By this time, West-Spencer was beginning to feel the consequences in the heavy lifting of her efforts. She had been at the front lines of many re-entry initiatives in Chicago, but was often overworked and overlooked. Men with whom she worked were awarded accolades and million dollar grants from her curriculum development and assessments. All the while, her organization, Alternative Education Research Institute (AERI), received meager funding.

By shifting her lens to the international landscape of criminal justice, she realized just how rare it was to be a woman, and a Black woman, in criminal justice reform. The uphill battle continued, but became another skirmish.

Next episode

Belize: Crooked Tree Police Station

In 2015, West-Spencer nabbed a professorship at the University of Belize to start a criminal justice program. She garnered the interest of the local academic community because she started research on the country’s criminal justice system.

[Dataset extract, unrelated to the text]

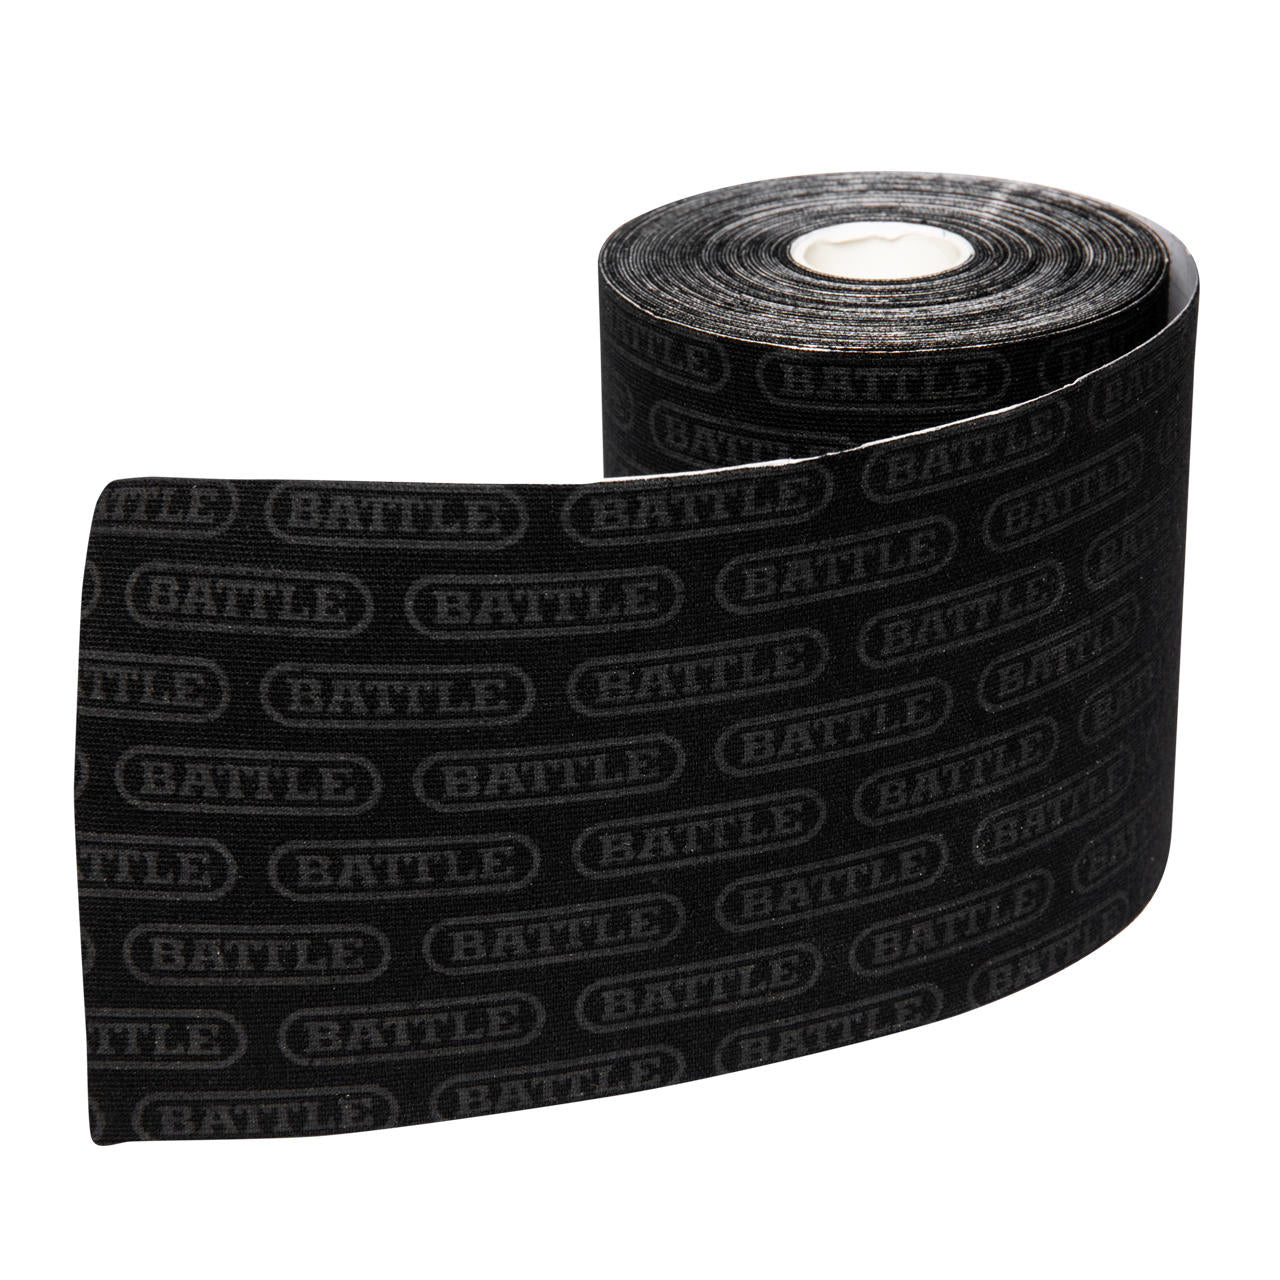 Battle Turf Tape Max Grip Black, White or Pink New
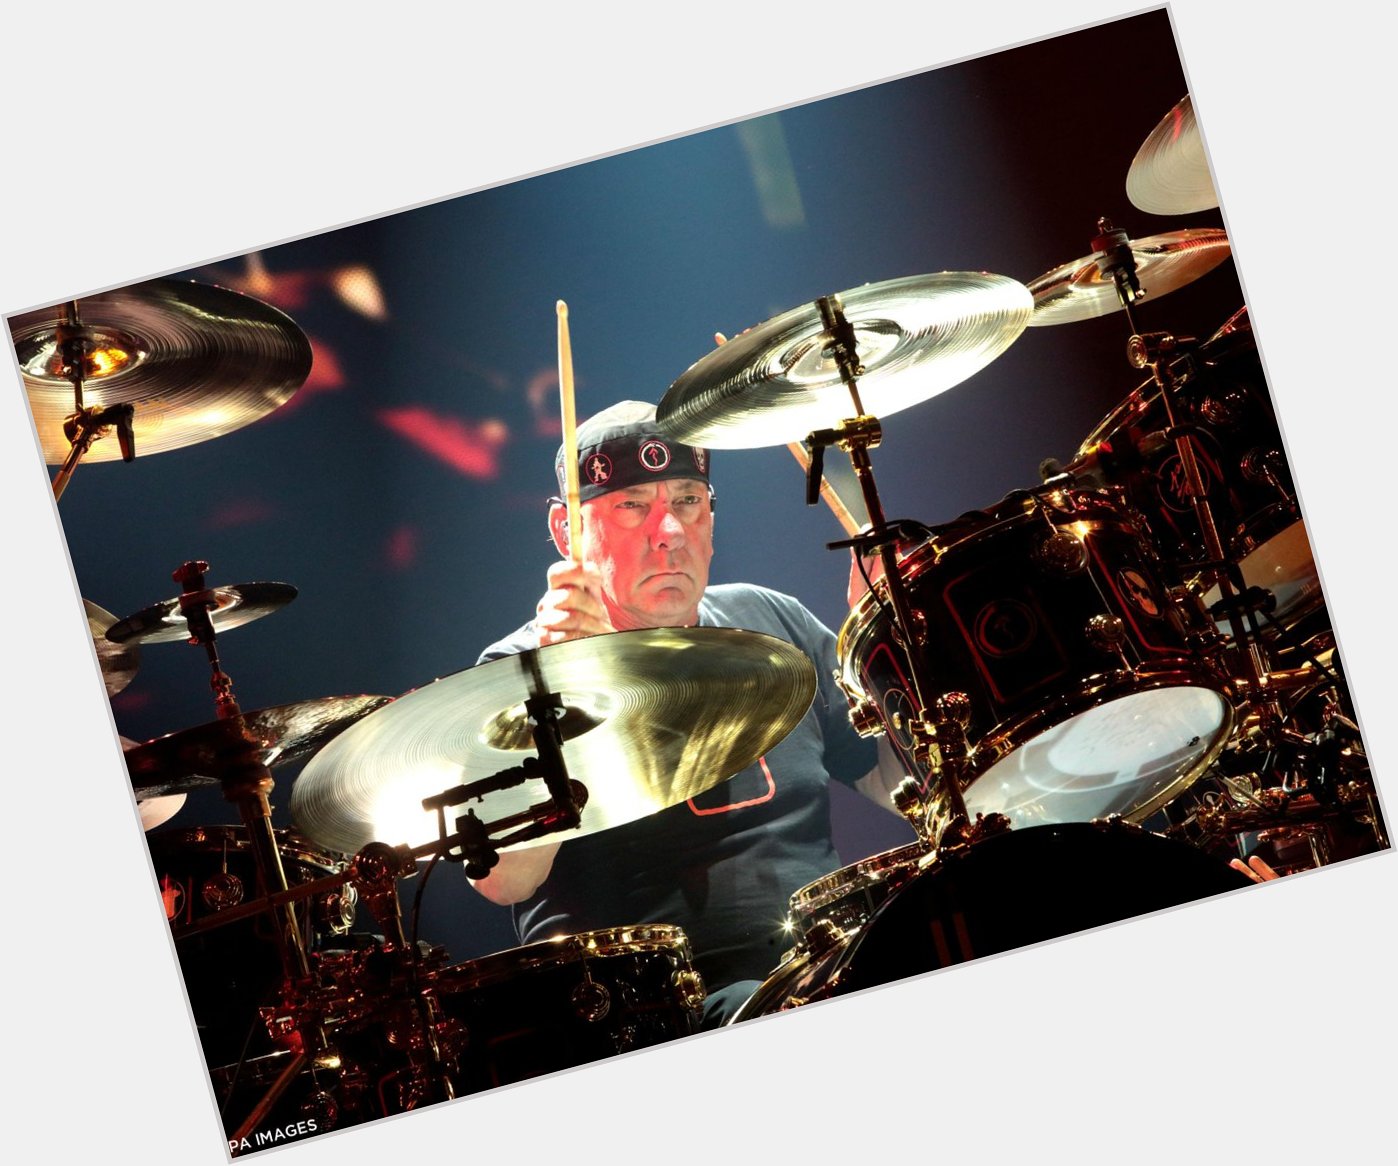 \We\re only immortal for a limited time\. So take a moment to wish Happy Birthday to Neil Peart of Rush on his 63rd.

The way that [criminal justice] work[s] [in Belize]is that they have one prison in the entire country and it is run by a non-profit, religious organization. I was really interested in seeing what that dynamic was because it seemed like it was a more, kind of, humane way to house prisoners.

After relocating for her new appointment, she quickly learned that her assumptions were completely wrong.

It was the worst thing that I’ve ever seen and I’ve been in a lot of prisons.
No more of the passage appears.